1. Field
The present disclosure relates to a fuel cell stack.
2. Description of the Related Art
For example, a solid polymer electrolyte fuel cell includes a membrane electrode assembly (MEA), in which an anode electrode is disposed on one side of an electrolyte membrane and a cathode electrode is disposed on the other side of the electrolyte membrane. The electrolyte membrane is made from a solid polymer ion-exchange membrane. The MEA and a pair of separators, sandwiching the MEA therebetween, constitute a power generation cell. Typically, a predetermined number of such power generation cells are stacked and used, for example, as a vehicle fuel cell stack, which is mounted in a fuel cell vehicle (fuel cell electric automobile or the like).
In a fuel cell, a fuel gas channel for supplying a fuel gas to the anode electrode and an oxidant gas channel for supplying an oxidant gas to the cathode electrode are formed on surfaces of the separators. A coolant channel, through which a coolant flows, is formed between adjacent separators so as to extend in the in-plane direction of the separators.

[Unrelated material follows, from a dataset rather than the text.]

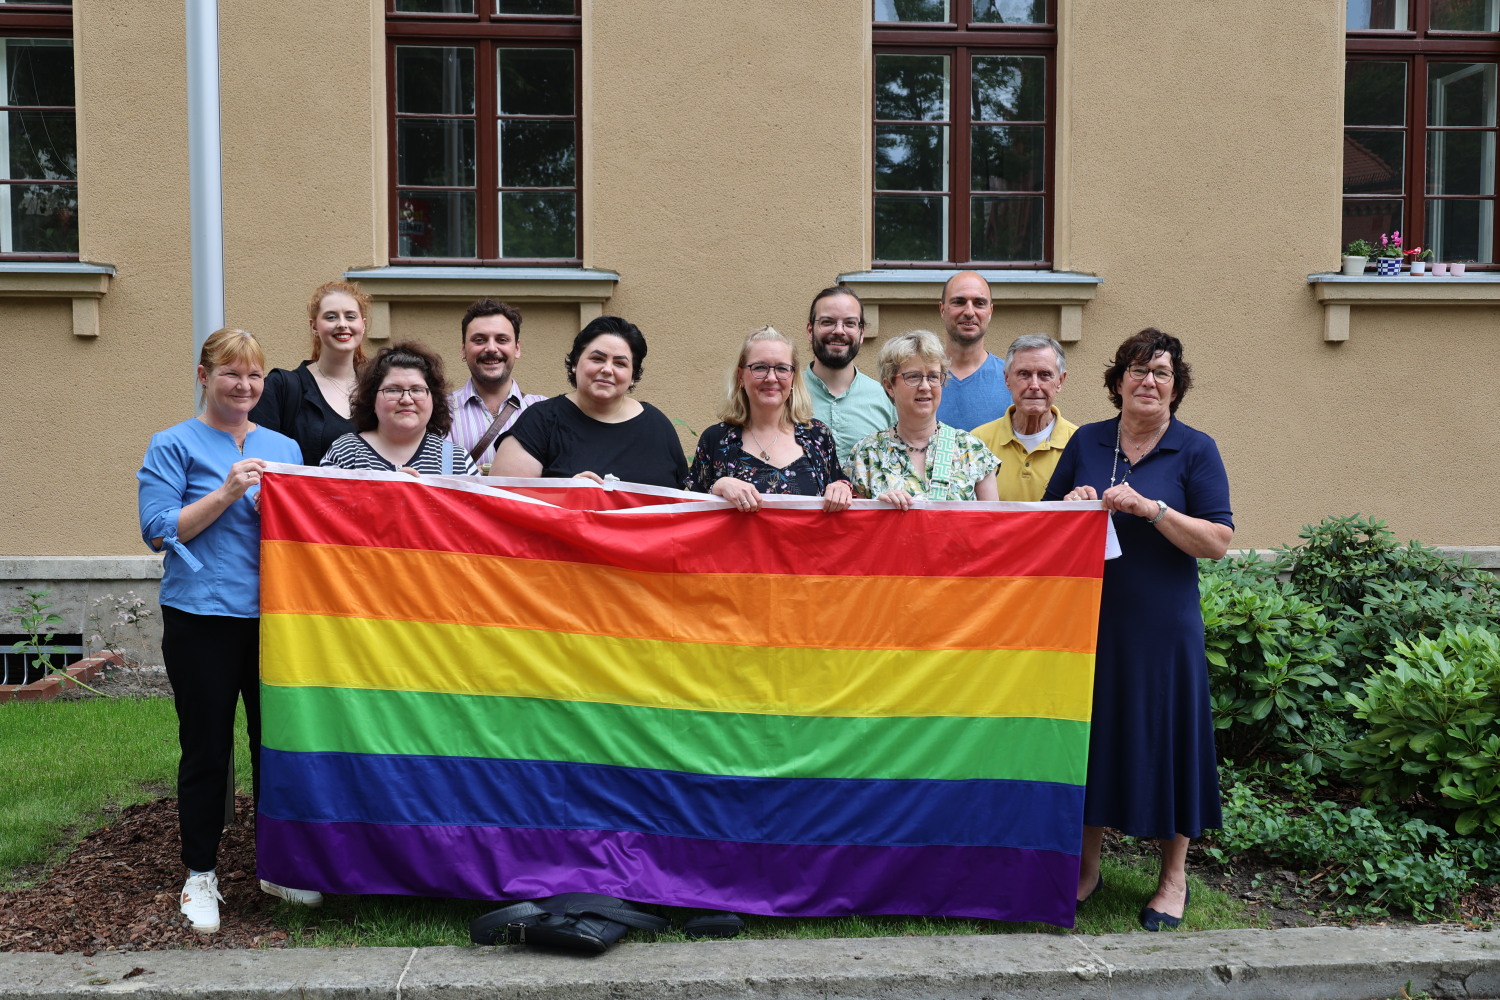 Bezirksverordnete der Grünen und SPD zusammen mit Bezirksstadträtin Carolina Böhm (vorne links) und Bezirksbürgermeisterin Maren Schellenberg (vorne rechts) mit einer Regenbogenflagge

Some fuel cells have a so-called internal manifold structure, in which a fuel gas manifold, through which a fuel gas flows, an oxidant gas manifold, through which an oxidant gas flows, and a coolant manifold, through which a coolant flows, extend through the fuel cells in the stacking direction. The fuel gas manifold has a fuel gas inlet manifold and a fuel gas outlet manifold, the oxidant gas manifold has an oxidant gas inlet manifold and an oxidant gas outlet manifold, and the coolant manifold has a coolant inlet manifold and a coolant outlet manifold.
In the aforementioned fuel cell stack, a fluid manifold member is disposed on at least one of the end plates. The fluid manifold member is connected to the fuel gas manifold, the oxidant gas manifold, or the coolant manifold, and serves to supply or discharge a fluid (a fuel gas, an oxidant gas, or a coolant). A liquid supply pipe or a liquid discharge pipe is connected to the fluid manifold member. The fluid manifold member is typically made of a resin. Therefore, there is a problem in that, for example, if an external load is applied to the fuel cell stack, the fluid manifold member is likely to become damaged due to a stress generated in the fluid manifold member.
For example, Japanese Unexamined Patent Application Publication No. 2011-065869 discloses a fuel cell stack for solving the problem. The fuel cell stack has a pipe connection structure for connecting a fluid manifold to an external pipe. The pipe connection structure is disposed on at least one of end plates and includes a resin manifold member (fluid manifold member) connected to the fluid manifold and a pipe connection portion, which is formed on the resin manifold member and to which the external pipe is connected.
A breakable portion, which becomes broken first when a load is applied from the outside, is formed between the resin manifold member and the pipe connection portion so as to be located below an electric power output terminal, which protrudes from the end plate.
Thus, it is possible to cause the resin manifold member to be broken at a desired position without fail when a load is applied from the outside, and it is possible to reduce the probability that the electric power output terminal becomes covered with a liquid.